DATA EXTRACT:
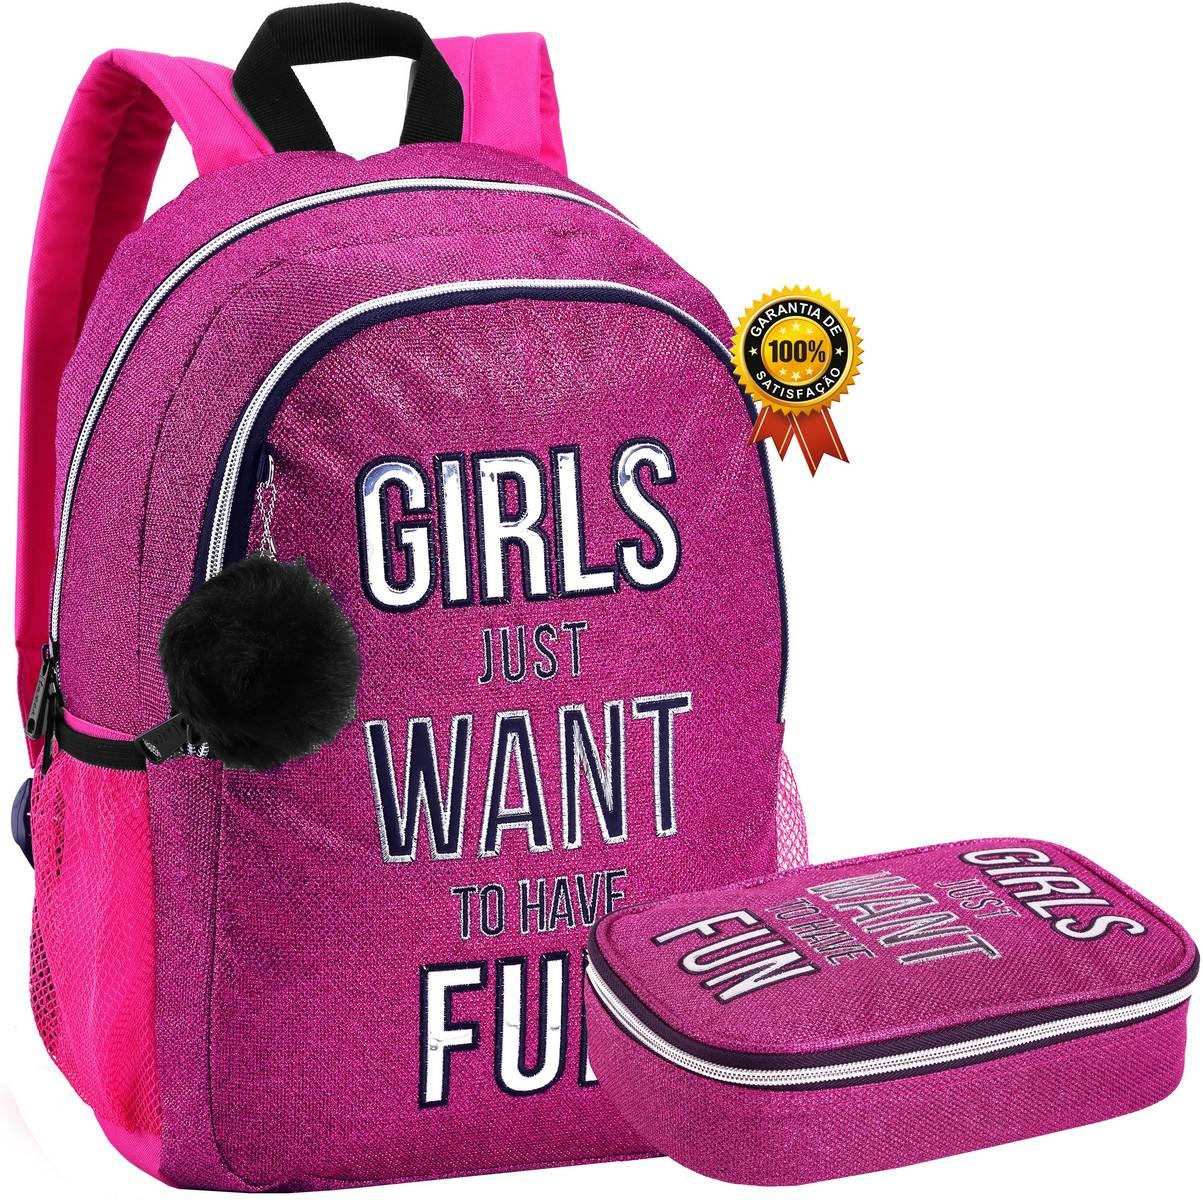 Kit Conjunto Mochila Feminina Juvenil Impermeável Escolar Costas Brilhosa Chaveiro Pom Pom + Estojo Grande Resistente Glitter Lançamento Seanite
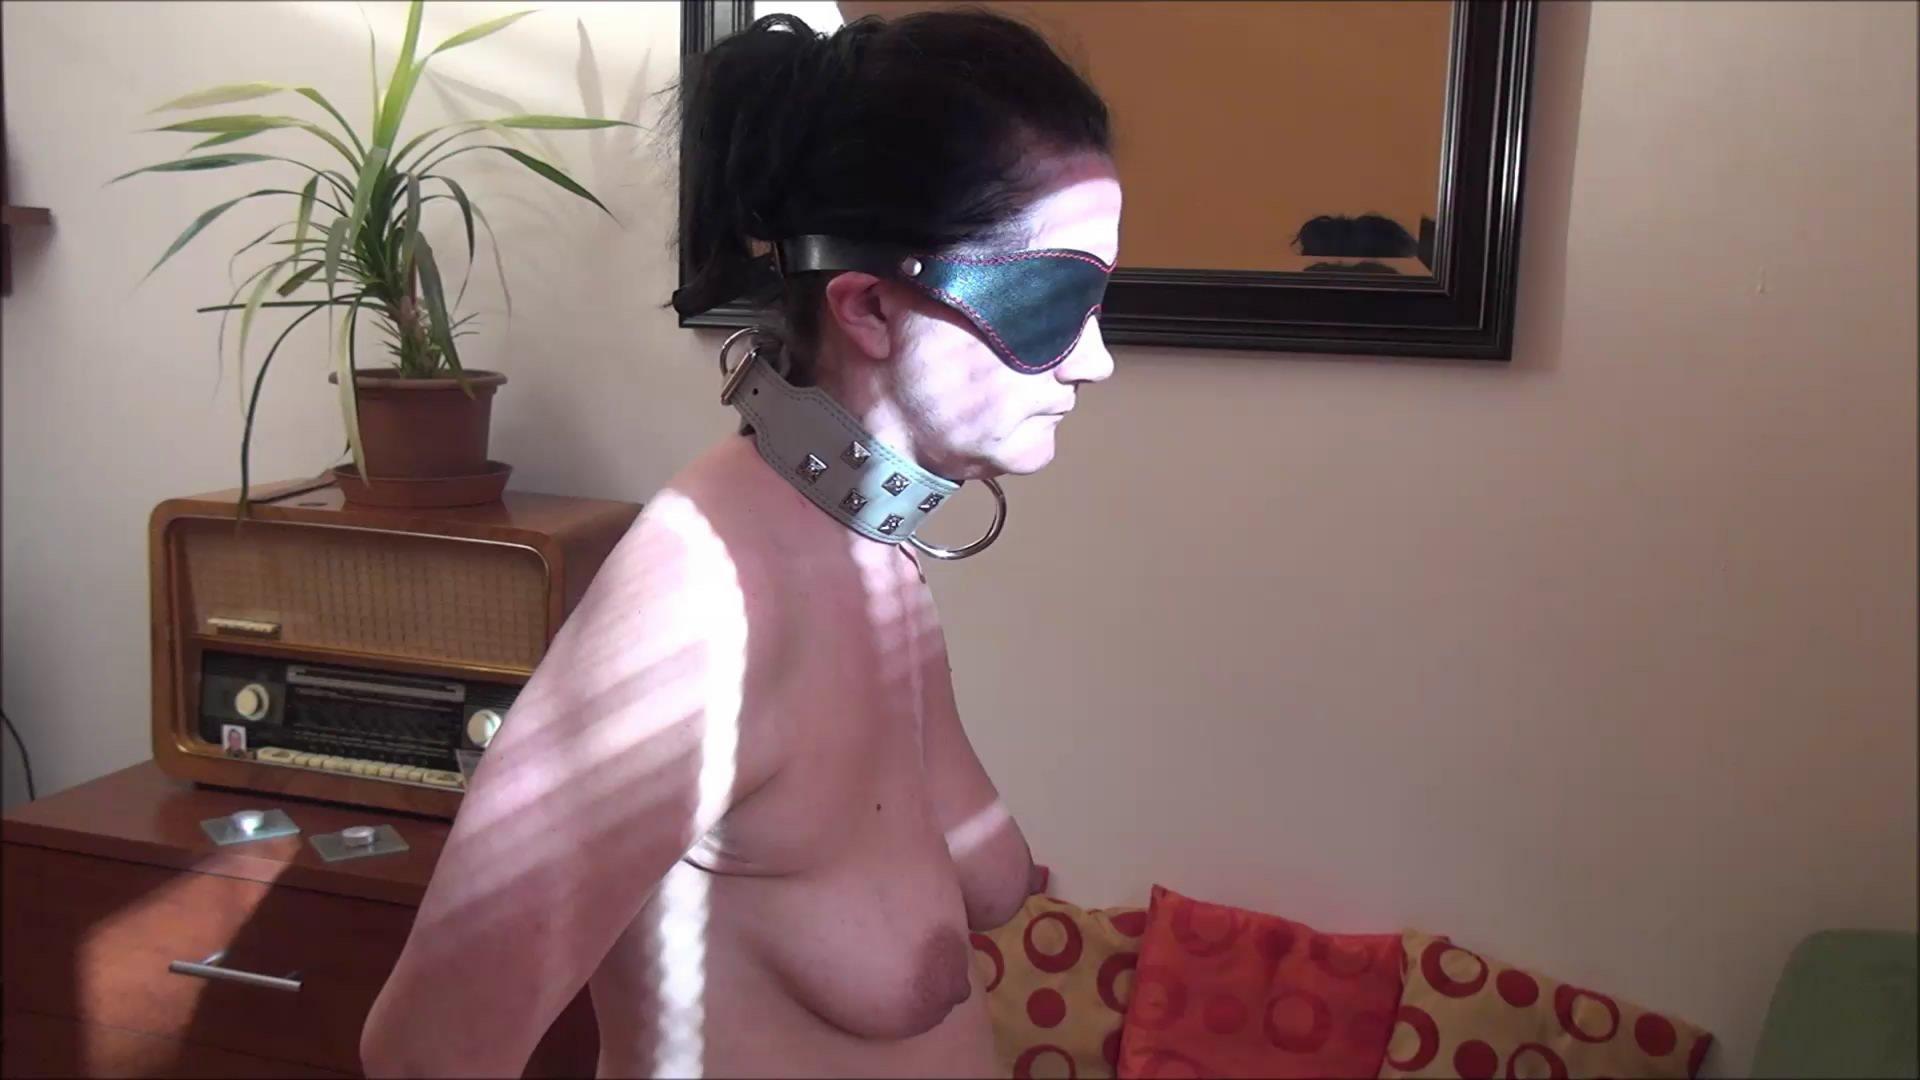 submissive scat slut for you starring in video dirtyscatgirl ($10.99 ScatShop)
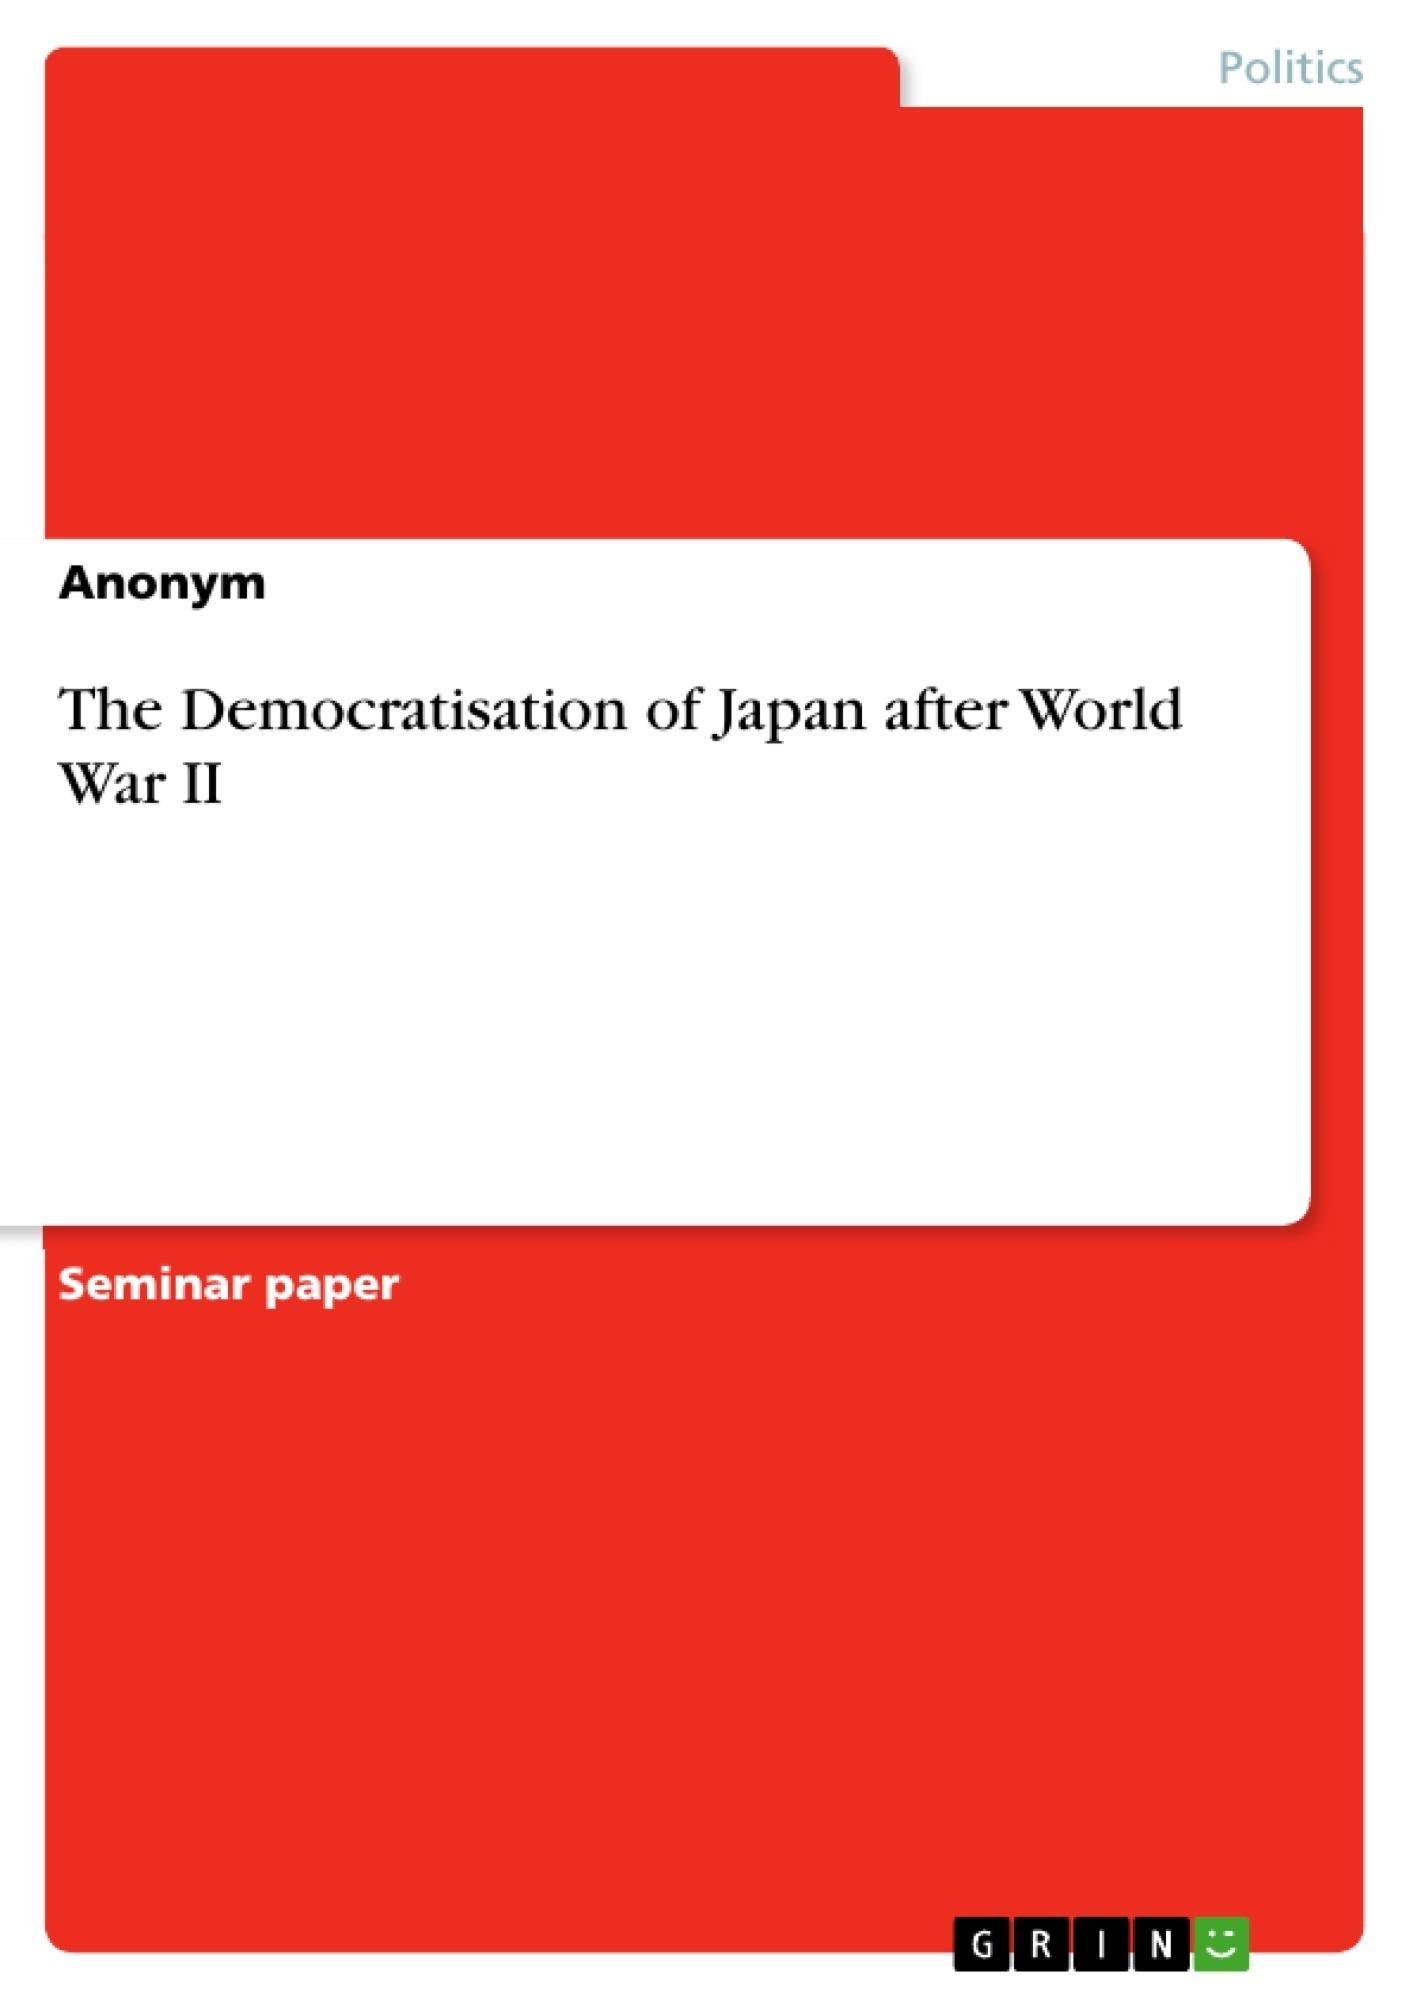 Title: The Democratisation of Japan after World War II

TO DO:
Omit the pictures, then copy out all the data exactly as it stands.

SOLUTION FOR THIS EXERCISE:
 Kit Conjunto Mochila Feminina Juvenil Impermeável Escolar Costas Brilhosa Chaveiro Pom Pom + Estojo Grande Resistente Glitter Lançamento Seanite
 submissive scat slut for you starring in video dirtyscatgirl ($10.99 ScatShop)
 Title: The Democratisation of Japan after World War II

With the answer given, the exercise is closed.